L’Homme qui, lui, sortait, arriva sur le trottoir au pied de la bâtisse, et leva les yeux au ciel, comme pour en apprécier la beauté et la douce chaleur qui paraissait s'en écouler. En fait, il appréciait le silence quasi-total qui y régnait… Pas le moindre chant d’oiseau ! Un ciel bleu mais vide de vie… Un ciel pas naturel, pas terrestre, en quelques sorte ! Il devait être aux alentours de midi. L’homme jeta d’ailleurs un coup d’œil furtif à son bracelet-montre, et, d’un pas tranquille et mesuré, alla appuyer son dos sur la façade de l’immeuble. Devant lui passaient ou couraient des badauds, pressés sans doute de rejoindre leur domicile un fast-food ou un restaurant. L’heure était à déjeuner, et on aurait presque pu ressentir, chez cette foule tumultueuse, comme une envie insatiable de passer à table, obnubilante telle une envie de mourir !
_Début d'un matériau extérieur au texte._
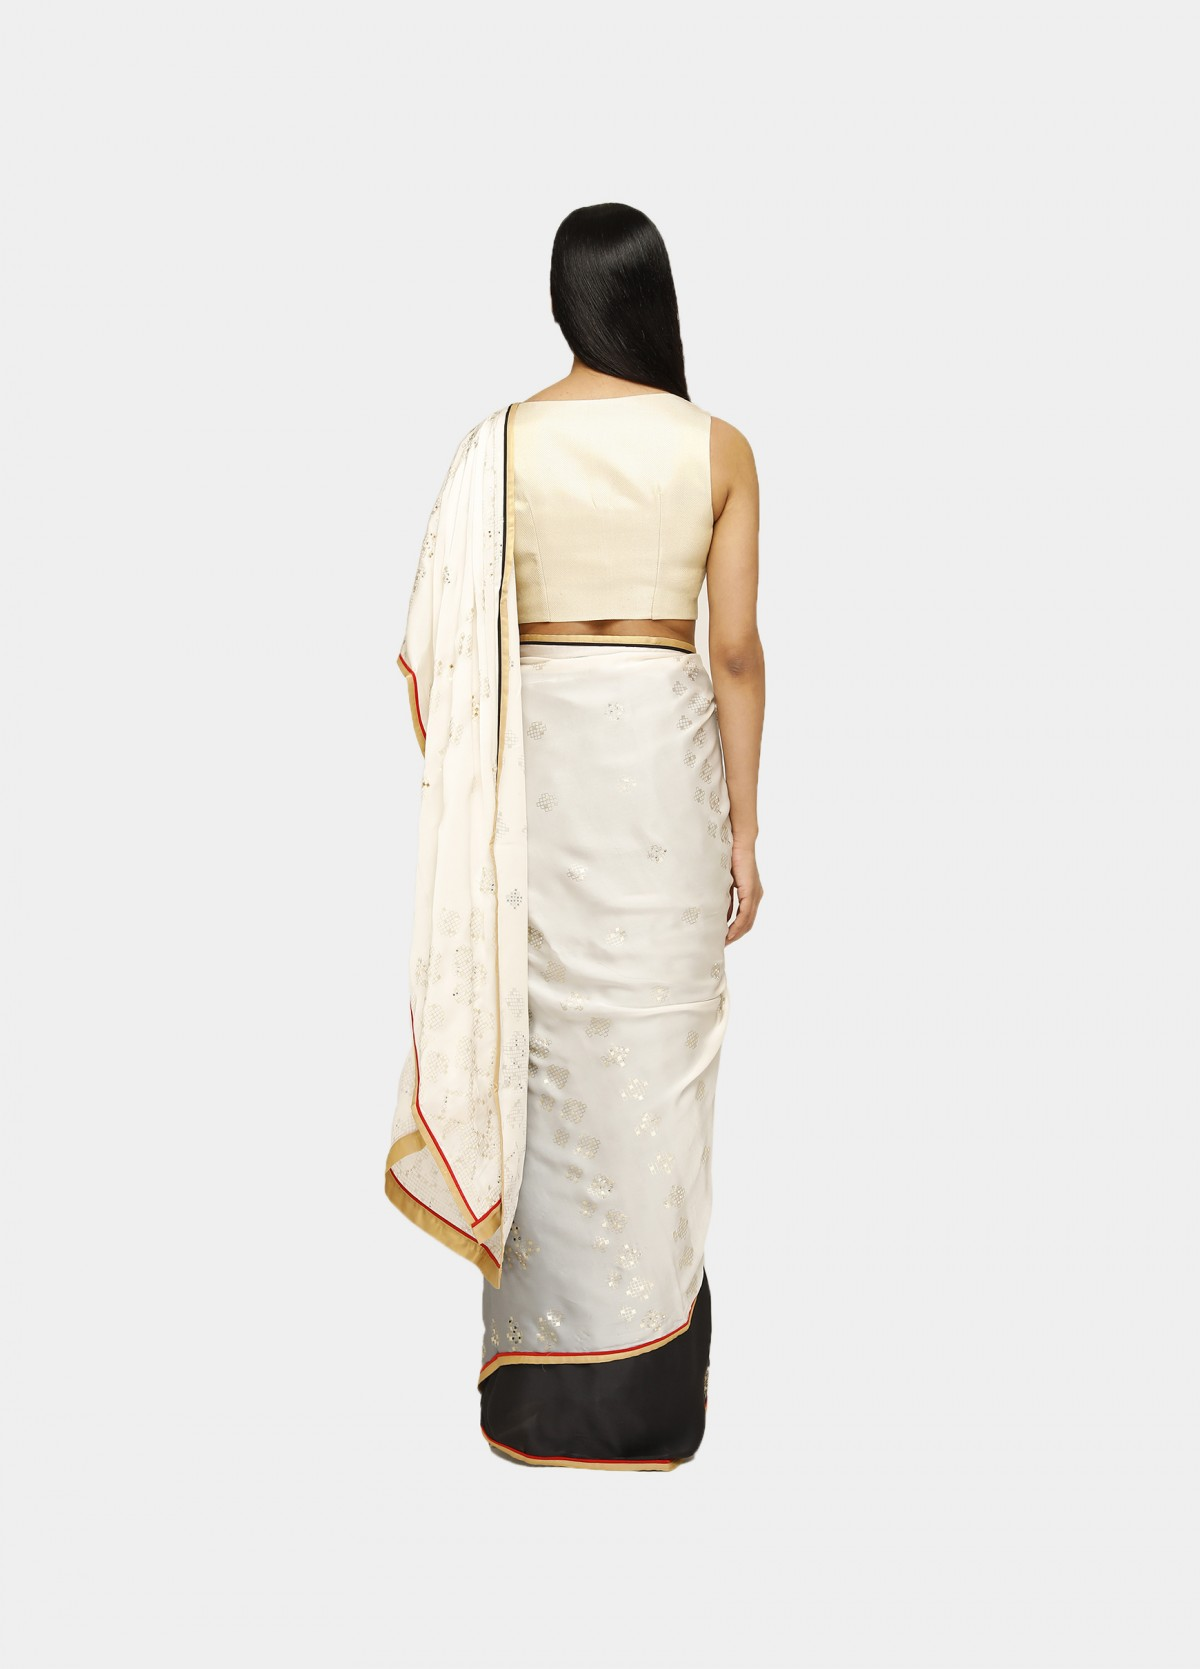 The Geometric Deck Sari

C’est alors que la silhouette féminine, qui avait croisé l’homme quelques minutes auparavant, sortit, dans la lumière bienveillante du soleil. Elle aperçut l’homme, toujours appuyé au mur du bâtiment, et se dirigea vers lui, sans montrer autre intérêt que de le rejoindre… Arrivée à sa hauteur, la femme laissa tomber un à peine audible : « C’est fait » avant de continuer sa route, à nouveau solitaire, comme l’homme, qui partit dans le sens opposé...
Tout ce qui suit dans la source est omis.